David Kechley first became fascinated with the idea of composing music as he heard his father, composer Gerald Kechley, play and refine passages at the piano over and over and over...and later found himself engaged in precisely the same activity. His early work is highly chromatic and expressionist as exemplified by Second Composition for Large Orchestra, premiered by the Seattle Symphony in 1968. Modality and lyricism followed later as did minimalist tendencies in the early 1990s. His music now draws from a variety of sources including classic works of the twentieth century and the more distant past, but also the present including forms of vernacular, popular, and ethnic music. Although these influences are generally integrated into a consistent style, the resulting musical landscapes which create sharp contrasts between lyricism, virtuosity, and dramatic gesture.

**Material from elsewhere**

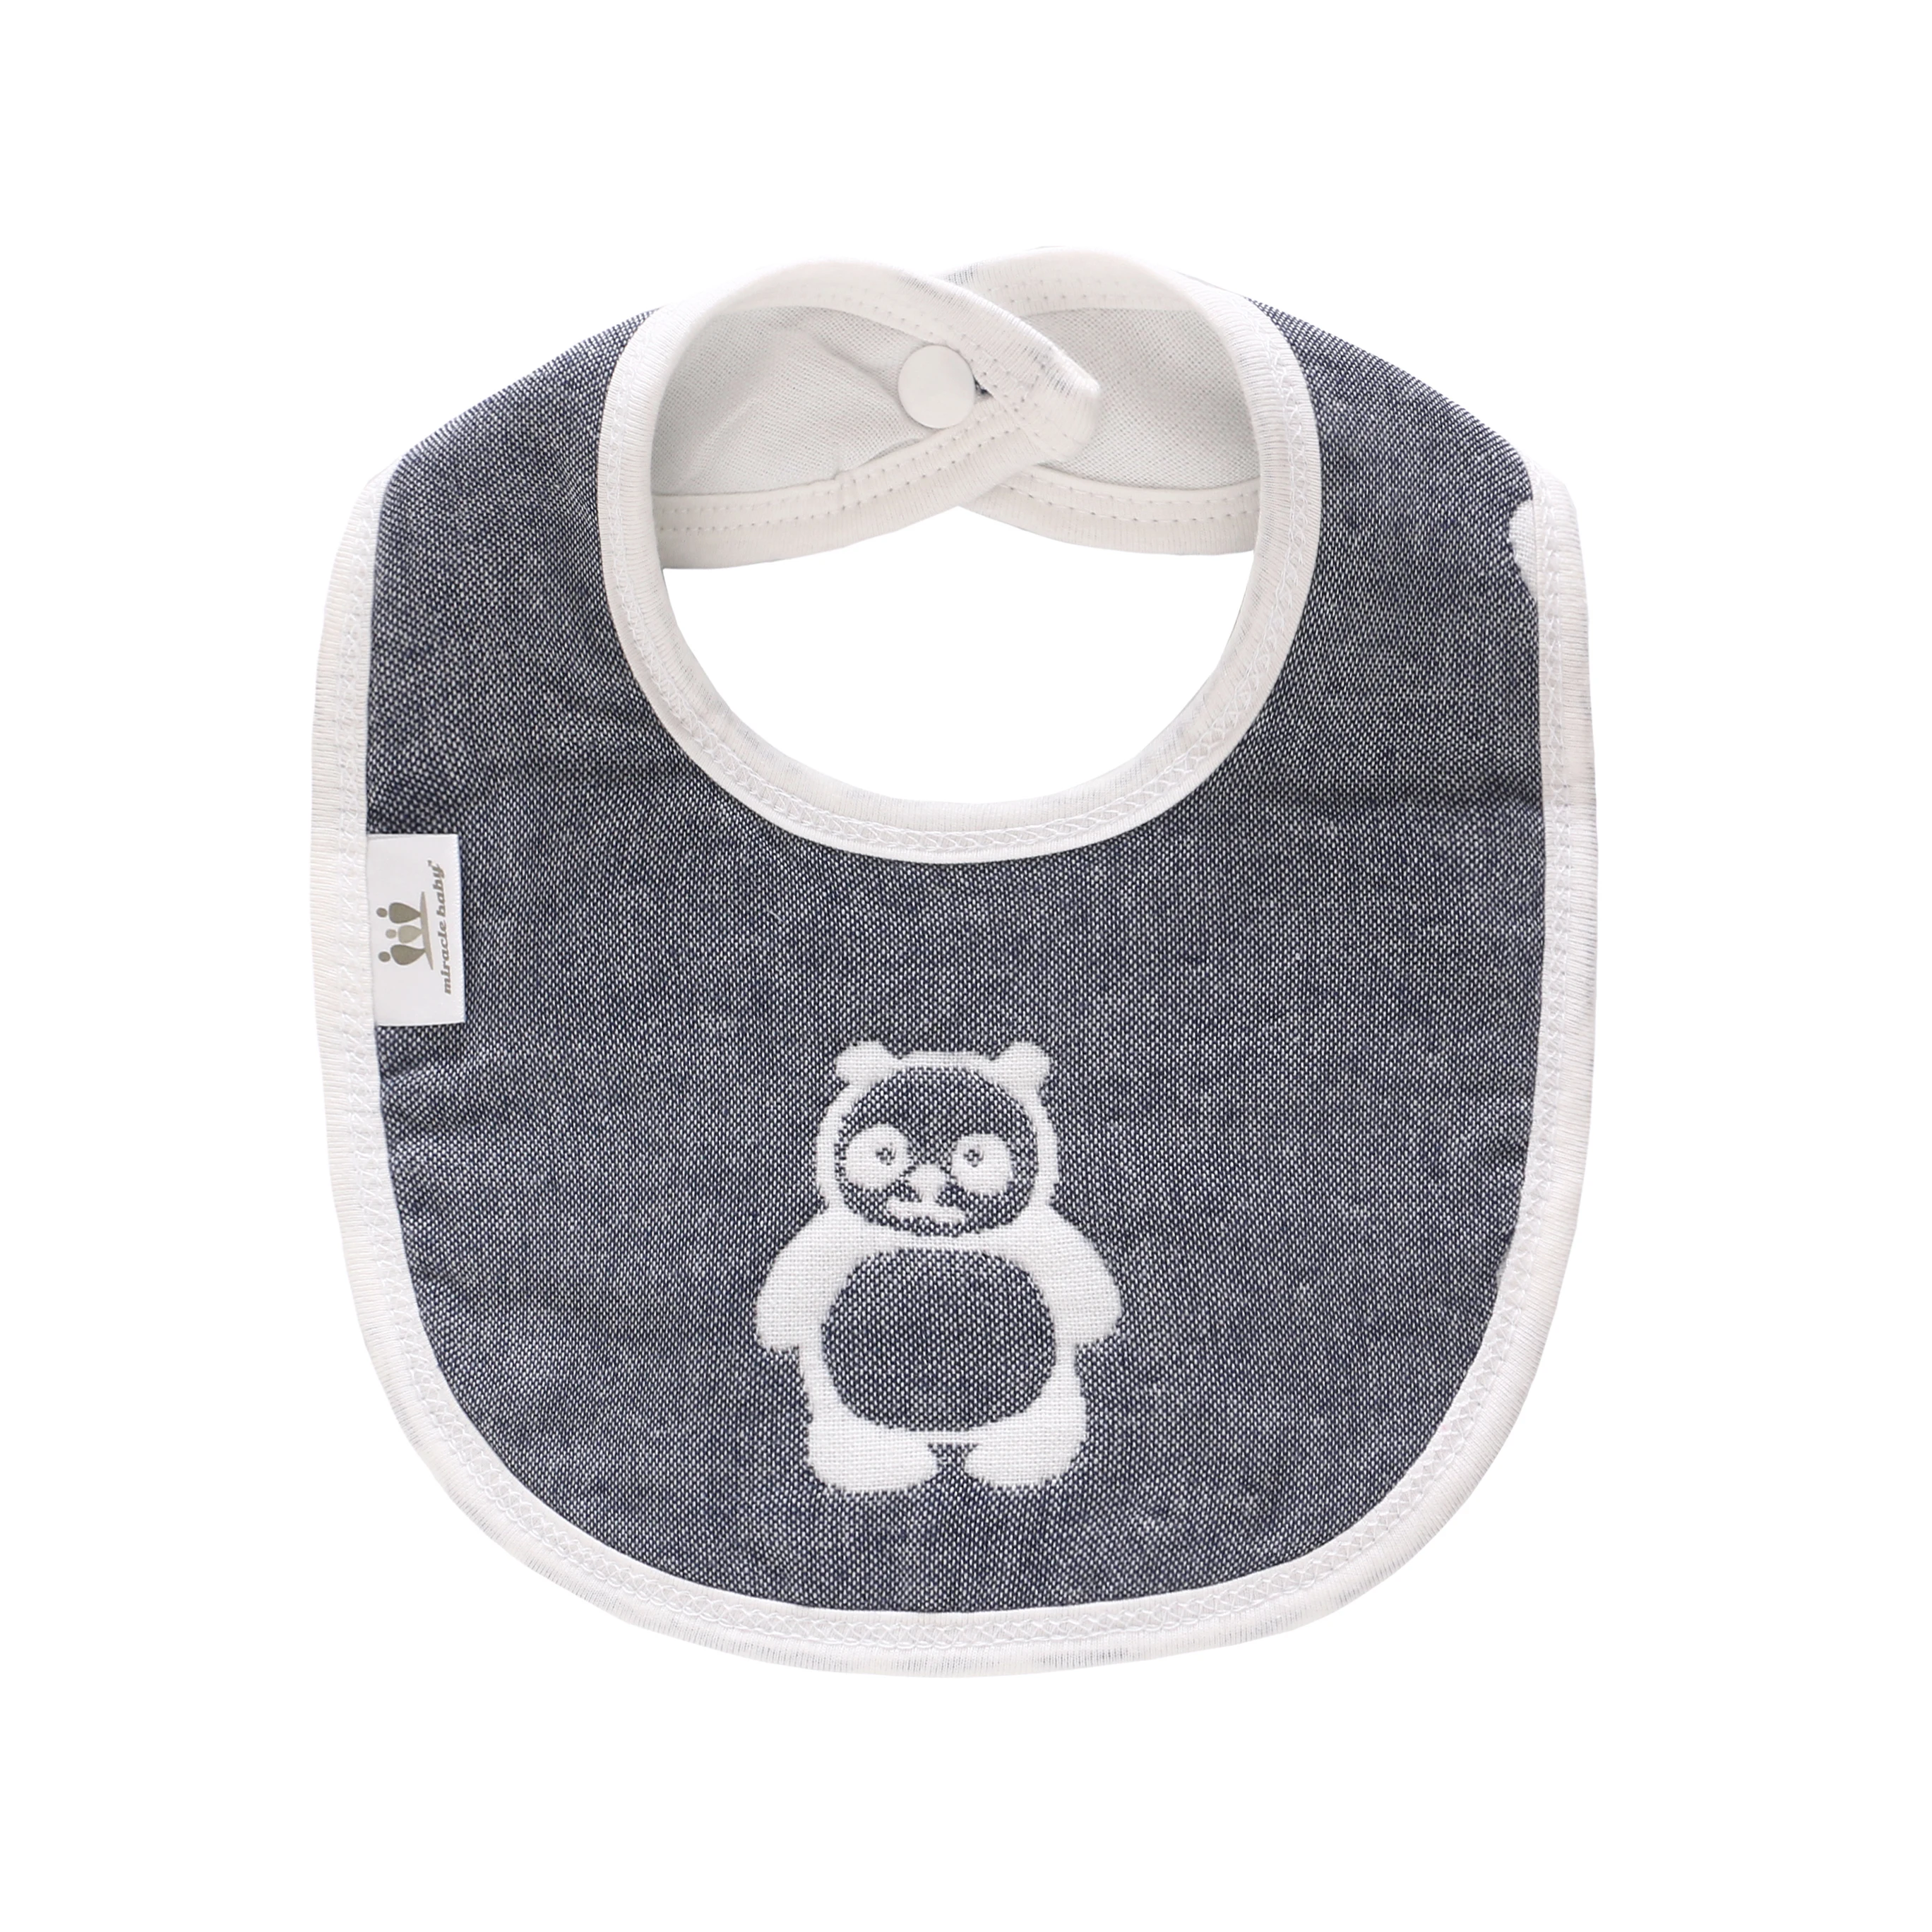 

Big Sale! Miracle Baby cheap washable cute design baby bandana drool bibs with teether 6 layers 100% soft cotton muslin baby bib

UNTIMELY PASSAGES: A Slow Groove was written for Tom Bergeron and Candy Chiu as a memorial to our mutual colleague and friend, Steven Bodner who died tragically and suddenly almost one year ago today. Steve was one of the most energetic and devoted advocates for new music that I have ever known and loved not only the music, but also the ideas behind the pieces he performed. Music at Williams will never be the same without him.

When Tom suggested to me last spring that I compose a work for the two of them I thought first of the fine flugelhorn sound he created with his quintet, which I had just heard in Chapin Hall a week before and how well this might work with the sound of the marimba. Tom had also issued an amusing challenge to the audience that night to try and guess the meter of the one of the pieces they were about to play, which turned out to be 15/8. As I thought about what a piece for marimba and flugelhorn might be, I remembered some material I had developed many years ago for a presentation at Doshisha Women’s College in Japan in 1991. I had worked up several little pieces with which I could demonstrate some MIDI software (still a new technology then) and also use student performers at the school in an interactive way. One of those pieces later became KARASUMA: A Fast Funk for Orchestra premiered by the Boston Pops in 1993. There was also another idea I had developed back then and even though I had always liked the material, it had never found its way into a fully developed work. As I remembered this I realized that not only would it work perfectly for the marimba, but that it was also an appropriate answer to Tom’s challenge because the meter was 15/8! Clearly it was a sign that this was a work I was supposed to write and that it was finally time, as with Rip van Winkle, for this patient little musical character to wake up after lying dormant for 20 years!